DorothyZbornak and I were just discussing that word during Scrabulous the other day, and I’ll be damned if I didn’t come to work this week and find myself confronted with some serious moisture issues, of the dude kind. Huh? What the fuck are ‘dude moisture issues’ you say? That would be when a guy like the one you see here –could be any jackass from your office– becomes your work partner on a project that will require you to spend way too many hours together, which really becomes a problem because you can only avoid looking at this for so long.
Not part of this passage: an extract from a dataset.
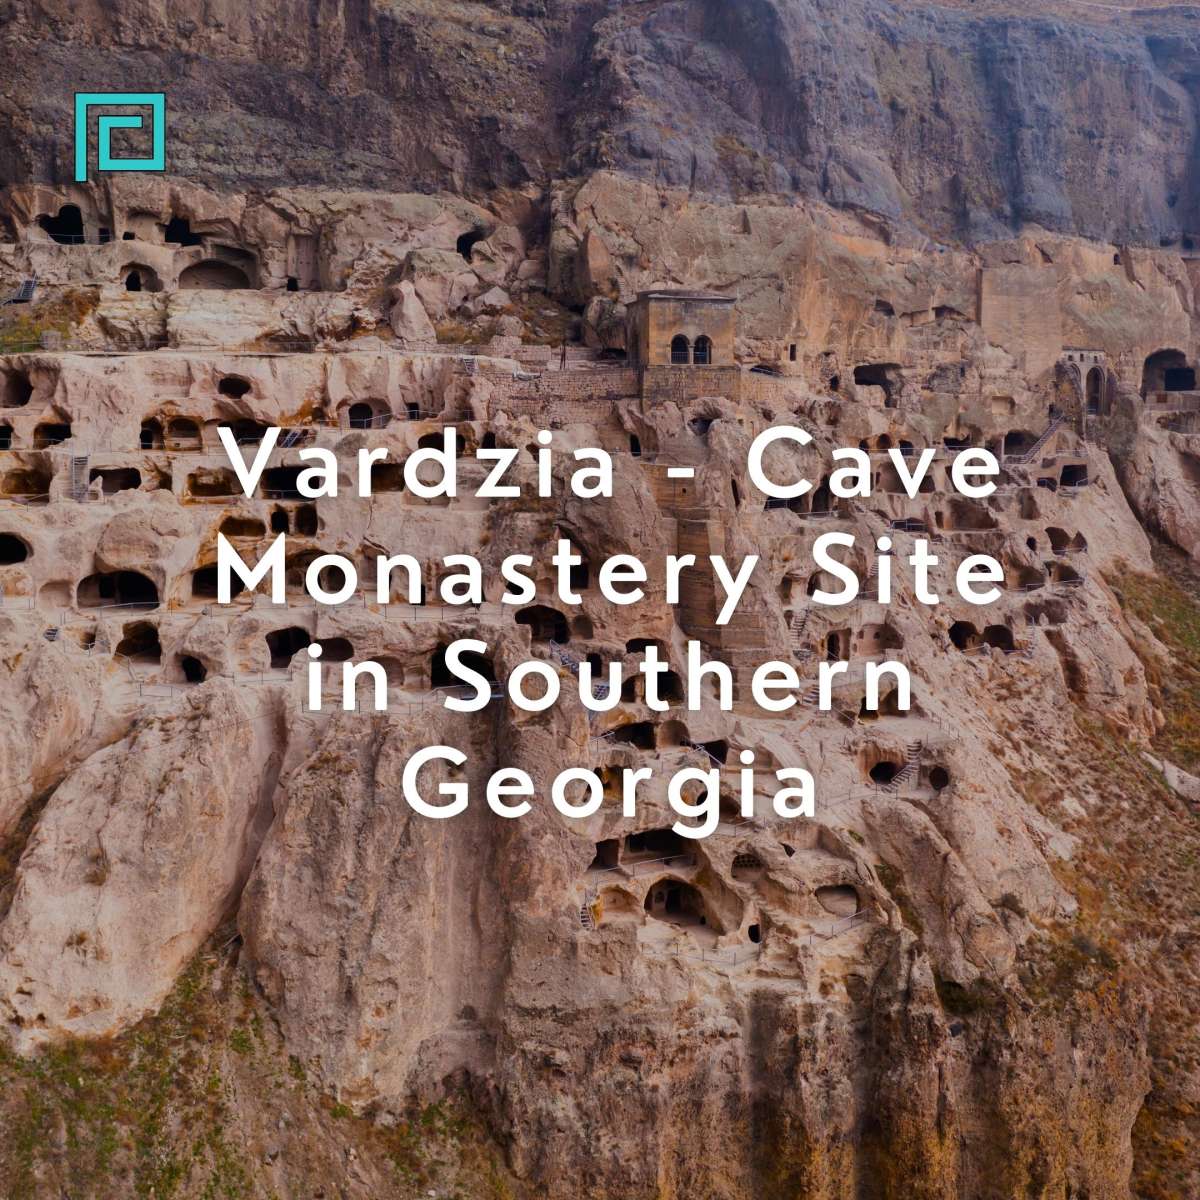 Vardzia - Cave Monastery Site in Southern Georgia

This was the best picture I could find, so trust me when I tell you that it doesn’t hold a candle to what this dude is putting out. *Earl’s got these yooge fuckin’ tidelands just spreading out beneath his armpits all day – like goddamn constant Rorschach’s bleeding down his sides. Ugh. UGH. So fucking nasty. If he was a nice guy that would be one thing, but this dude is a TOOL. He suffers from so many maladies; Short Man’s Syndrome, Center of Attentionitis, Napoleon Complex, the list goes on as he continues to overcompensate (and overperspire).
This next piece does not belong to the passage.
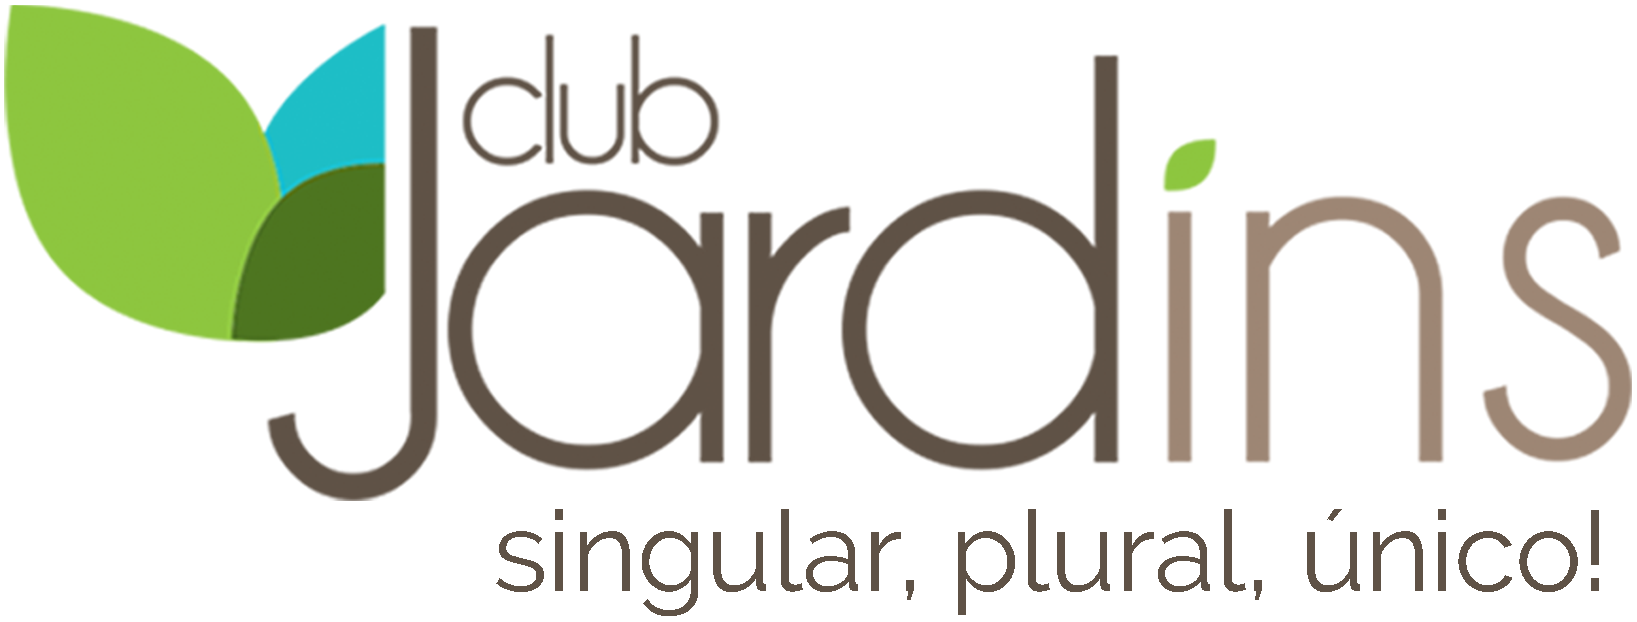 logo_club_jardins

On top of the puddle pits he waves around in front of me periodically throughout the day, Earl is also a smoker, a frequent one at that. Yeah. Dude runs in and out of the building all day for a smoke and also finds it necessary to alert me every time he does this. Maybe he says other things to me as well, I dunno, all I hear are wet sheets flapping in the breeze. I don’t even think he’s tried to really do anything about this “embarrassing odor and wetness problem” ‘cuz he’s a sloppy bastard all over. This makes me want to sprinkle cat litter all over him every time I see him, try and sop up summa that fuckin’ mess. But then maybe I would miss it when he turns on his “charm” by outing himself for staring at my tits.

*Dude’s name is not really Earl.

I know you’ve got Earls where you work, yo – help yourself to some comment space.